The zealots for the Culture of Death and the champions of the Culture of Life are engaged in a battle that is getting fiercer by the day. In witness whereof may I present three recent, highly perceptive reports. The first is a bulletin from the U.S. Right to Life Committee in Washington, D. C., dealing with the proposed legislation for national health care reform, legislation whose language, sometimes ambiguous, sometimes explicit, would open wide the door to the federal subsidizing of abortion on demand. The second report, a front page story in the September first edition of the New York Times, addresses an important lawsuit currently being argued before the Montana State Supreme Court.

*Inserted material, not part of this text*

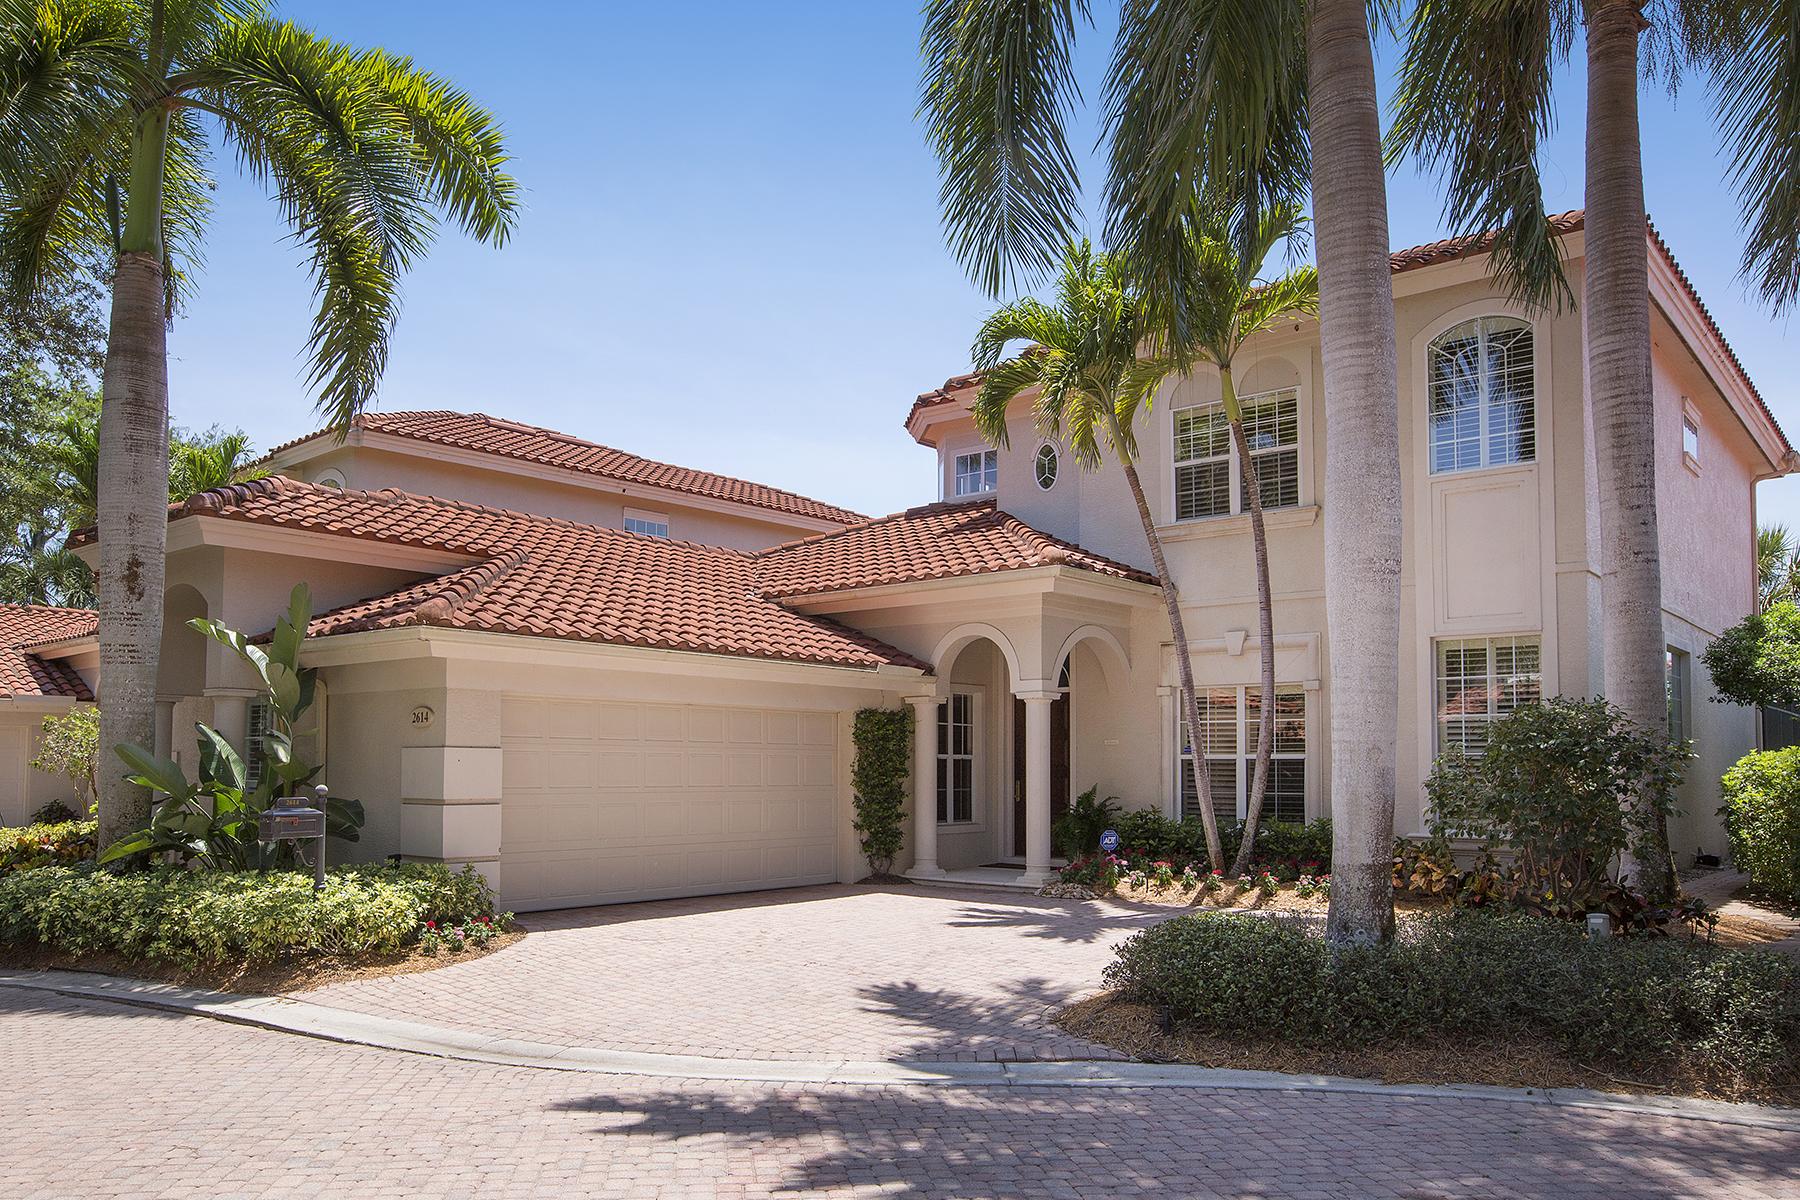 Villa per Vendita alle ore 2614 Lermitage Ln , Naples, FL 34105 2614 Lermitage Ln Naples, Florida, 34105 Stati Uniti

The plaintiff claims a right under the Montana State Constitution to demand a physician's assistance in achieving a pain-free suicide. A Montana Supreme Court ruling favorable to the plaintiff is thought to be likely. The third report offers comment on the deep division within a politically prominent Catholic family on the issue of an unborn child's right to life, the sort of division that, sad to say, is not unknown in many a Catholic home today. This report, an Op-Ed essay in the Pioneer Press for September the third, contrasts the pro- Life views of Eunice Kennedy Shriver with those of her brother, Senator Edward ("Ted") Kennedy, a committed partisan of a woman's right to kill her child .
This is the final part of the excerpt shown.